■ WHAT YOU SHOULD DO
All of the data goes into your copy exactly as written. Images do not.
*** PROVIDED DATA Section Begins ***
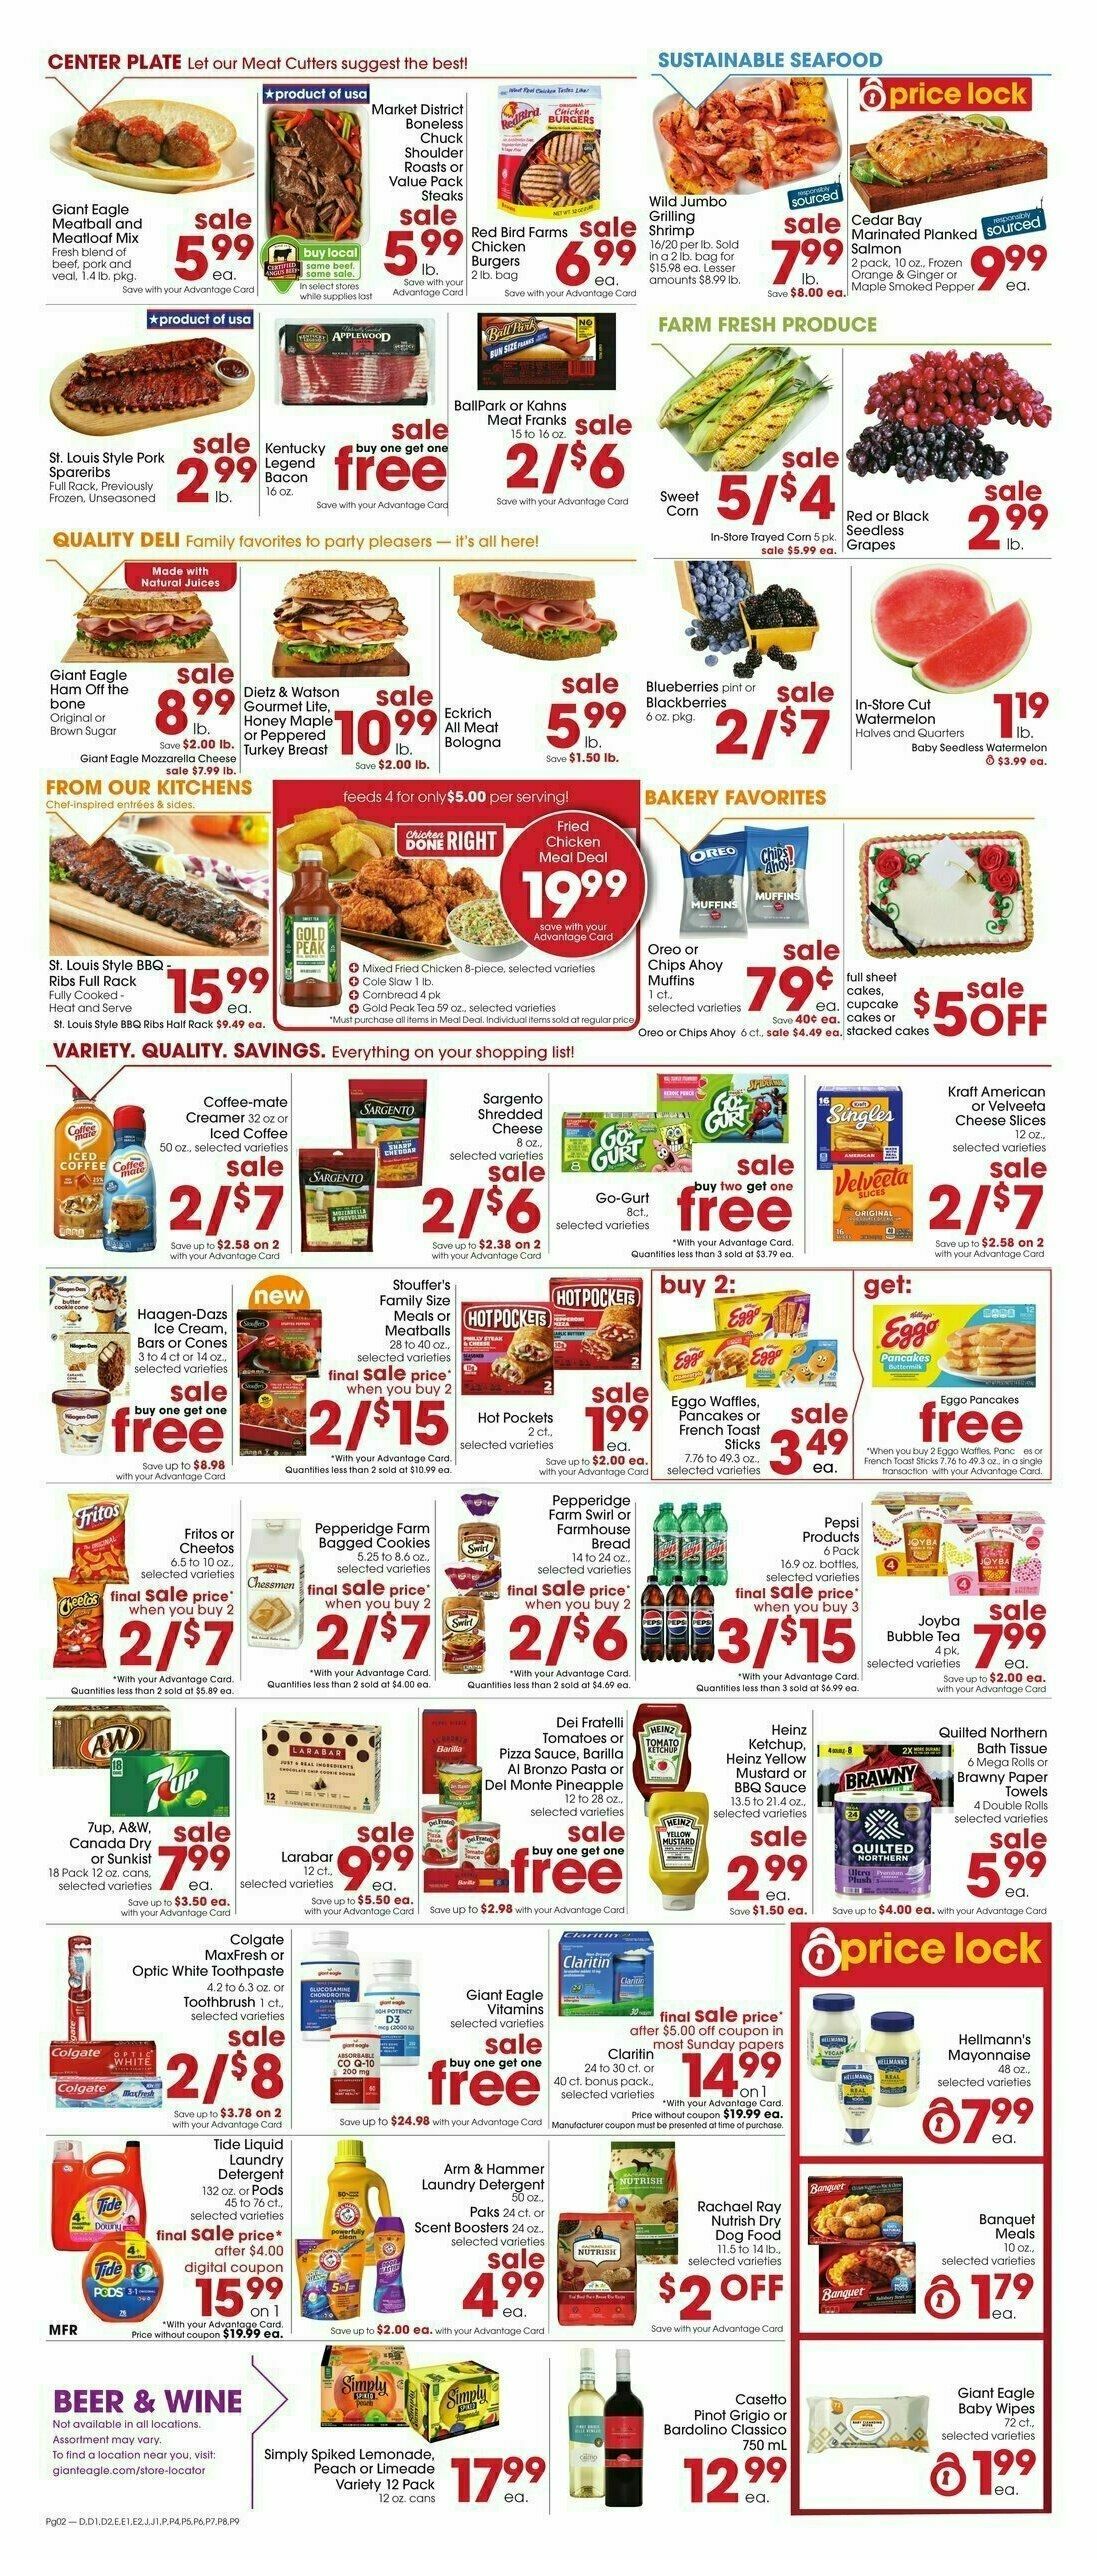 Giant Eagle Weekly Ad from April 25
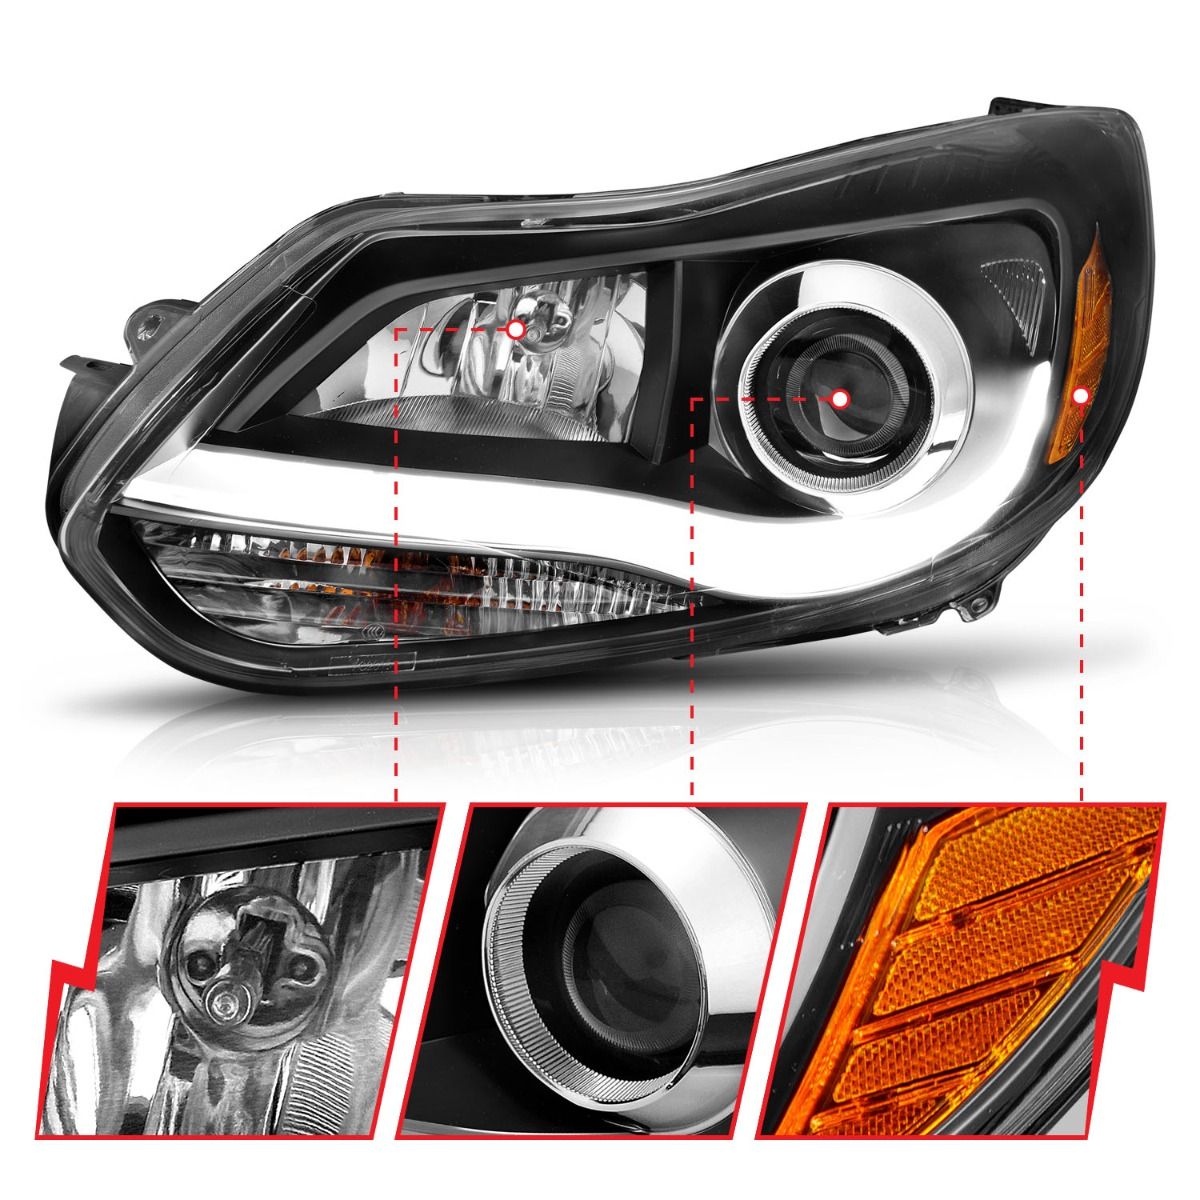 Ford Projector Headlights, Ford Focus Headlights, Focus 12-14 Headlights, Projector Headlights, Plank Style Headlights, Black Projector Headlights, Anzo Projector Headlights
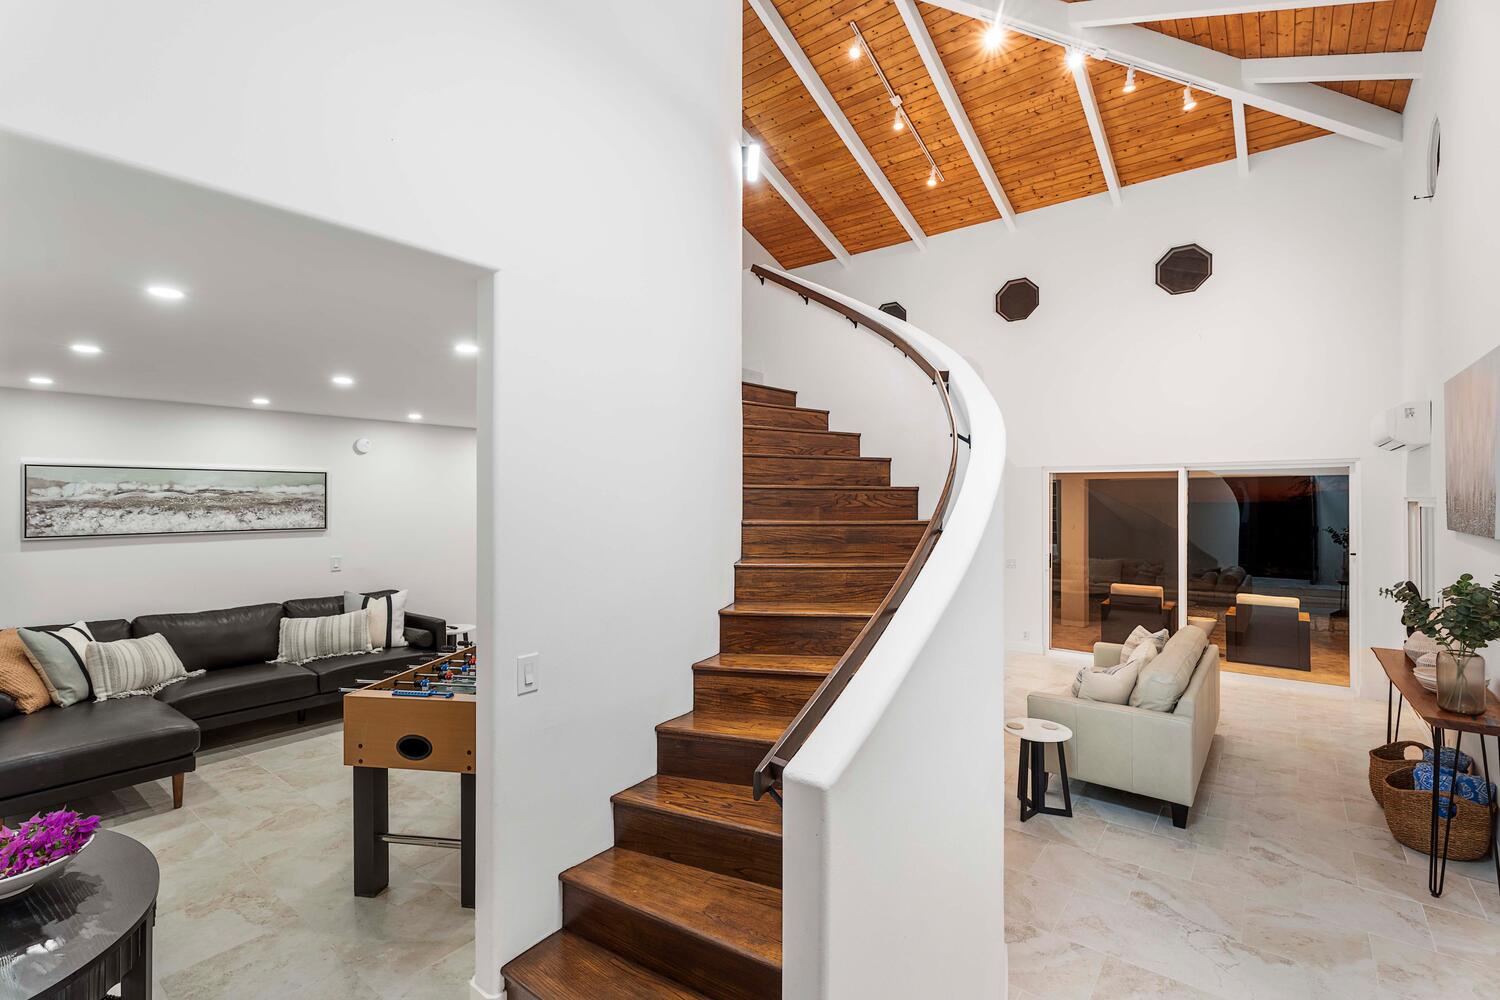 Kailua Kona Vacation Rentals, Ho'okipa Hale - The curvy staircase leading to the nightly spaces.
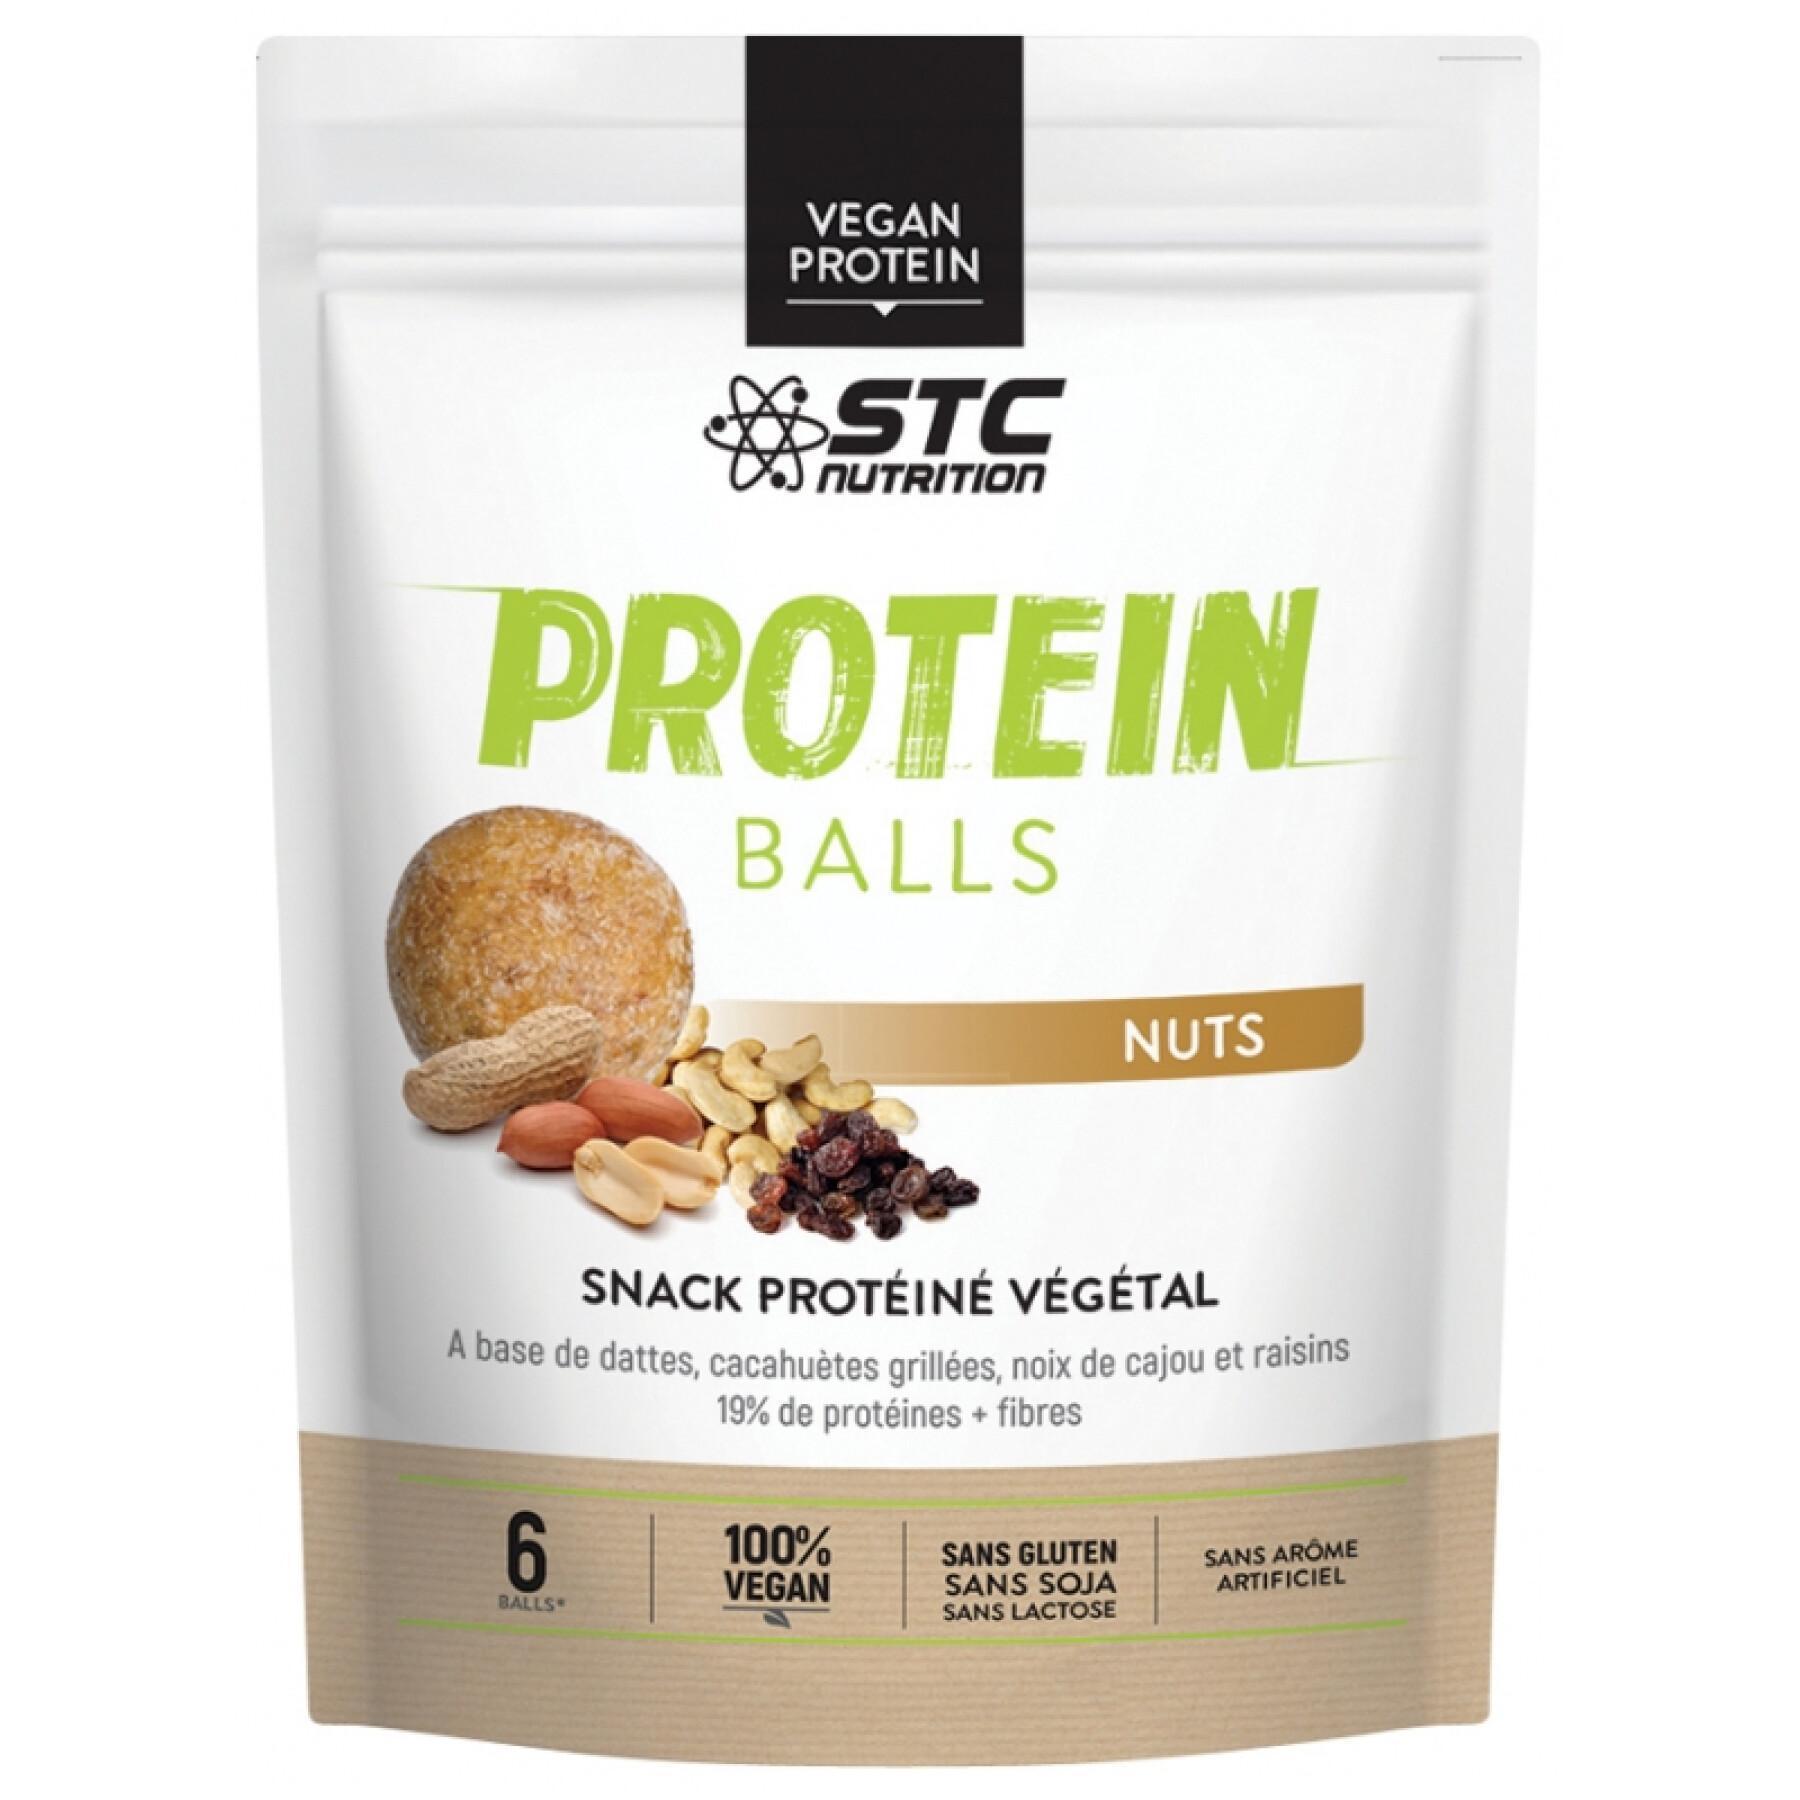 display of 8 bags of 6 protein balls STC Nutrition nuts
*** PROVIDED DATA Section Ends ***
■ TASK ANSWER
 Giant Eagle Weekly Ad from April 25
 Ford Projector Headlights, Ford Focus Headlights, Focus 12-14 Headlights, Projector Headlights, Plank Style Headlights, Black Projector Headlights, Anzo Projector Headlights
 Kailua Kona Vacation Rentals, Ho'okipa Hale - The curvy staircase leading to the nightly spaces.
 display of 8 bags of 6 protein balls STC Nutrition nuts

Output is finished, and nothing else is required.